Massage therapy is a valuable component of palliative care, the medical subspecialty focused on treating the pain, symptoms and stress of advanced illnesses. Recent studies show how palliative care provides pain relief and saves money, and hospitals across the nation are increasingly implementing palliative care programs to help patients manage the physical and emotional burdens of serious illnesses.

Massage therapy, in particular, has been found to decrease pain, relieve fatigue, and provide meaning and respite to palliative-care patients.

Still, not all hospitals offer a palliative-care program.

A new study shows Georgia hospitals, in particular, lag in palliative care for the seriously ill. The University of Georgia (UGA) study finds that 82 percent of the state’s hospitals do not offer palliative-care services.
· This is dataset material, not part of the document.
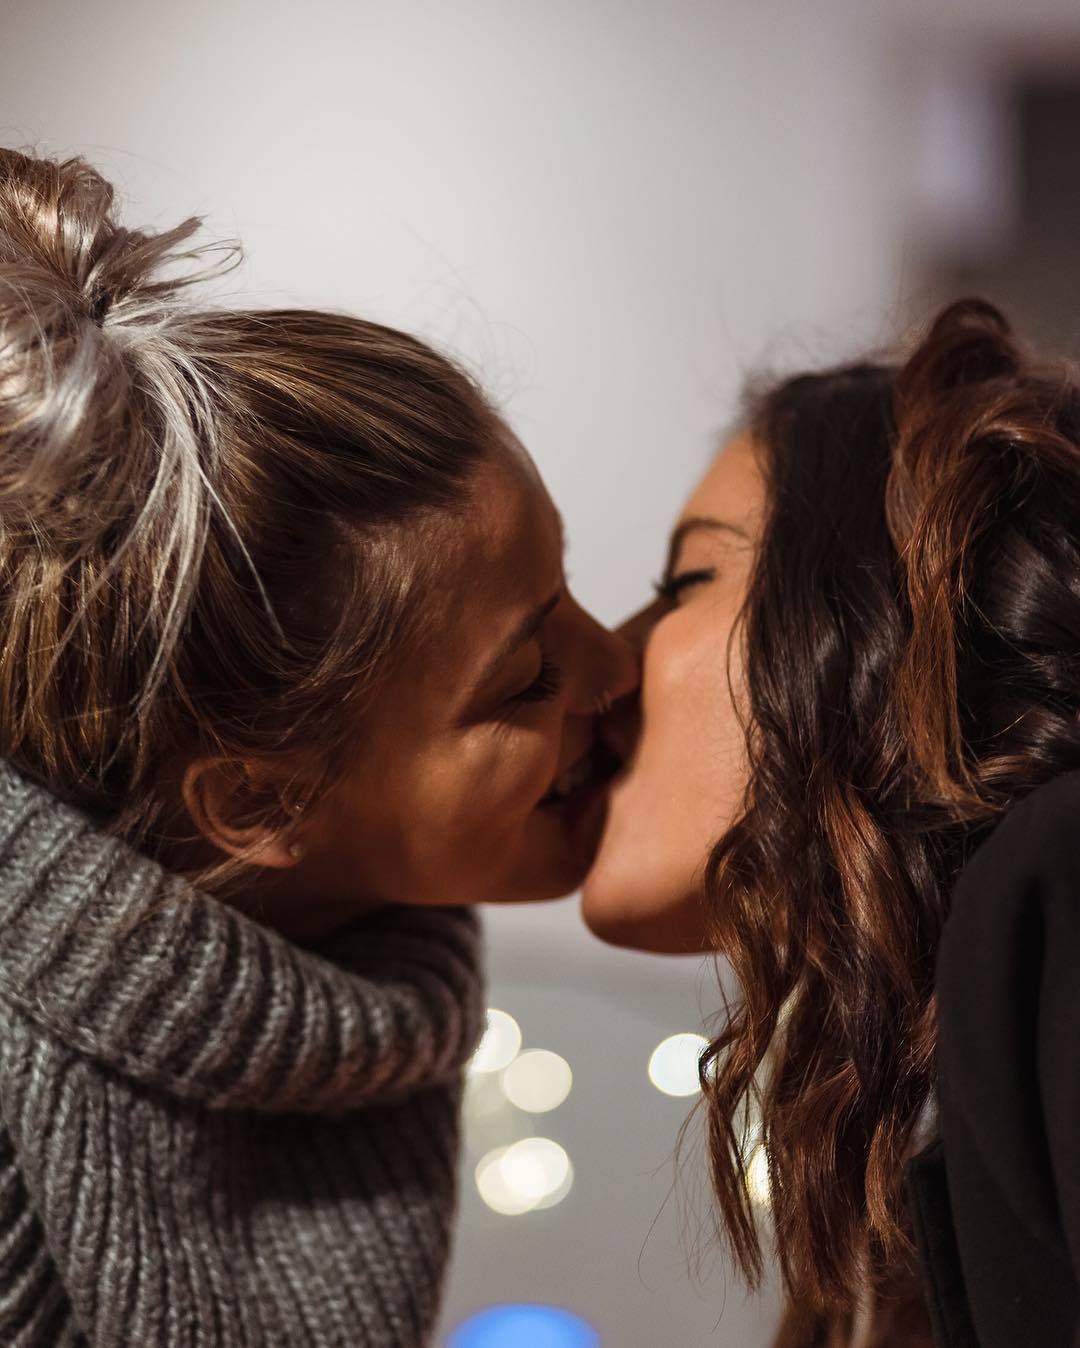 Lesbian новые. Любовь двух женщин. Поцелуй девушек. Девушки целуются. Красивый поцелуй двух девушек.

A 2010 study in the New England Journal of Medicine found that lung cancer patients receiving palliative care experienced less depression, improved quality of life and survived 2.7 months longer than those in a control group who did not receive palliative care, according to a UGA press release. “A 2011 study in the journal Health Affairs found that palliative care reduced costs for patients by an average of $6,900, primarily through a reduction in intensive care unit days, laboratory work and diagnostic imaging.”

Nationwide, palliative-care programs have expanded rapidly during the past decade, the press release added. “A study by the non-profit Center to Advance Palliative Care found that nearly 60 percent of hospitals with 50 beds or more had palliative-care programs in 2008, an increase of 126 percent since 2000.”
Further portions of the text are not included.